When a screw is introduced into the anchor, the screw causes the anchor to expand and compress against the inside diameter of the hole enough to provide a strong connection.

plastic solid wall anchor This is just one example, there are many variations on this. For example, to use the anchor pictured, you need to drill a 1/4" hole 1" deep and insert the anchor. Then use a #12 or #14 screw. These would provide plenty of holding power for a 30# mirror assuming you used a few anchors to support it and prevent any movement of the mirror, etc.

Another alternative would be to use a short piece of similar diameter wood dowel in the same manner. I do think the plastic anchors work better than dowels, but I only have anecdotal evidence to support this. On the other hand, I've seen dowels in used and they seem to have been perfectly secure in situations similar to yours for many, many years.

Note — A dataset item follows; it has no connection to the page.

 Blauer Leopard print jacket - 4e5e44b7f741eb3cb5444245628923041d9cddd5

  • Thank you! May I ask why a straight anchor instead of a threaded anchor? Wouldn't the threads provide more "bite" in addition to the anchor expanding when the screw is inserted?
    – Aiden
    Apr 3, 2020 at 15:06
  • I think there's a danger that the threads cutting into the plaster would crumble the plaster and may cause the hole to deteriorate and thereby making the anchor less secure. I think the threaded anchors are better for masonry applications where the substance is more resilient. I've used these plastic anchors many times and they hold really well in plaster walls.
    – gnicko
    Apr 3, 2020 at 15:19

For a 30 pound mirror i would not use just screws into plaster and lath.

If your wall is as you state in the comments then i would use My favorite Toggle anchors

They are very strong and have a beefy machine screw.

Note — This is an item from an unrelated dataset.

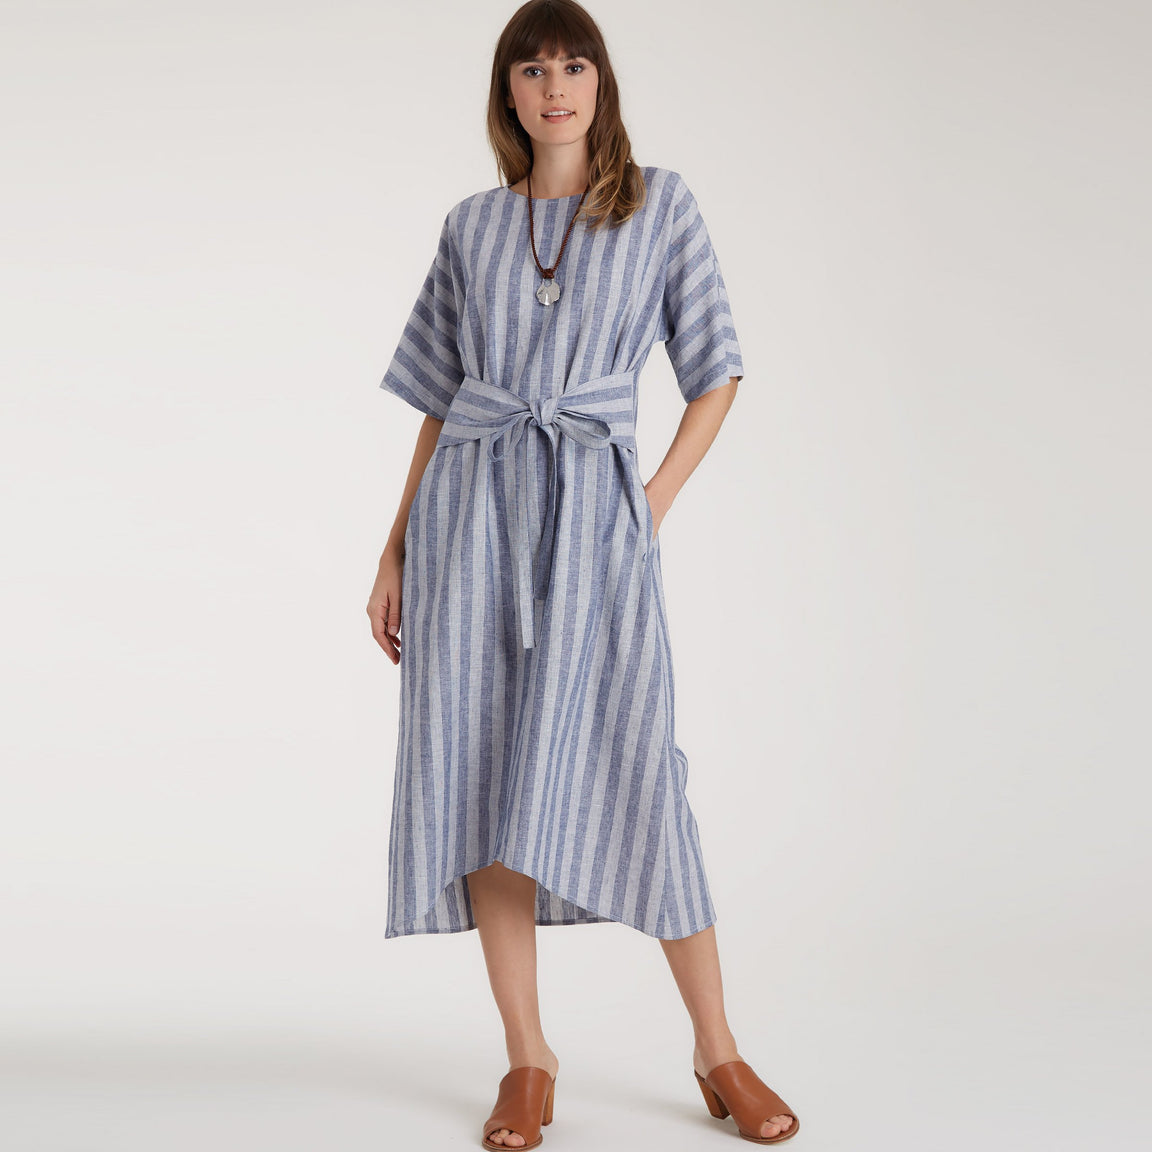 Dress Patterns | Jaycotts — Page 7 — jaycotts.co.uk - Sewing Supplies

You will need a 1/2 inch drill bit. You drill the hole, collapse the anchor, slide it into the hole, snug up the wall tab and break off the excessive part of the tabs, then just thread in the machine screw.

There needs to be enough room in the cavity of the wall for the anchor to go in and make its turn.

If your wall is plaster and lath there is a possibility that the back side where the toggle will be sitting against is not flat, this would cause the toggle to not be straight and aligning the screw to thread in may be problematic.

Here is short but informative video on how to install.

  • There's no wall cavity...(see pictures) :'(
    – Aiden
    Apr 2, 2020 at 23:48
  • @Aiden You added the photos after i posted my answer. I am glad you received the correct answer.